(Beginning of Dataset)

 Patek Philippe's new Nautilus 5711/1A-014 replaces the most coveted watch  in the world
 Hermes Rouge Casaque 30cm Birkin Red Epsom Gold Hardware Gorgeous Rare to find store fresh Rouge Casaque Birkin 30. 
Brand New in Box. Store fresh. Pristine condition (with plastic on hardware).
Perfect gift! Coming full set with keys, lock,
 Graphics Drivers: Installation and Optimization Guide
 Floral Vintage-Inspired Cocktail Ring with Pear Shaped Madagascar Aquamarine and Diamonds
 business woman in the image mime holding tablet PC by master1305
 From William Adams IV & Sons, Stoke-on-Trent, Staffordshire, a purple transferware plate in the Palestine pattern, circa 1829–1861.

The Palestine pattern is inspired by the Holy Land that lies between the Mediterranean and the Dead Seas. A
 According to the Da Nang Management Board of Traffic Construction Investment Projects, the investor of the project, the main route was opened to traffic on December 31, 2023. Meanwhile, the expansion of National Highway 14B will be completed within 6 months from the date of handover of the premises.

(End of Dataset)

_Directions_
Check each line above for the string "fresh" and show the ones that have it.

_Answer to this task_
 Hermes Rouge Casaque 30cm Birkin Red Epsom Gold Hardware Gorgeous Rare to find store fresh Rouge Casaque Birkin 30. 
Brand New in Box. Store fresh. Pristine condition (with plastic on hardware).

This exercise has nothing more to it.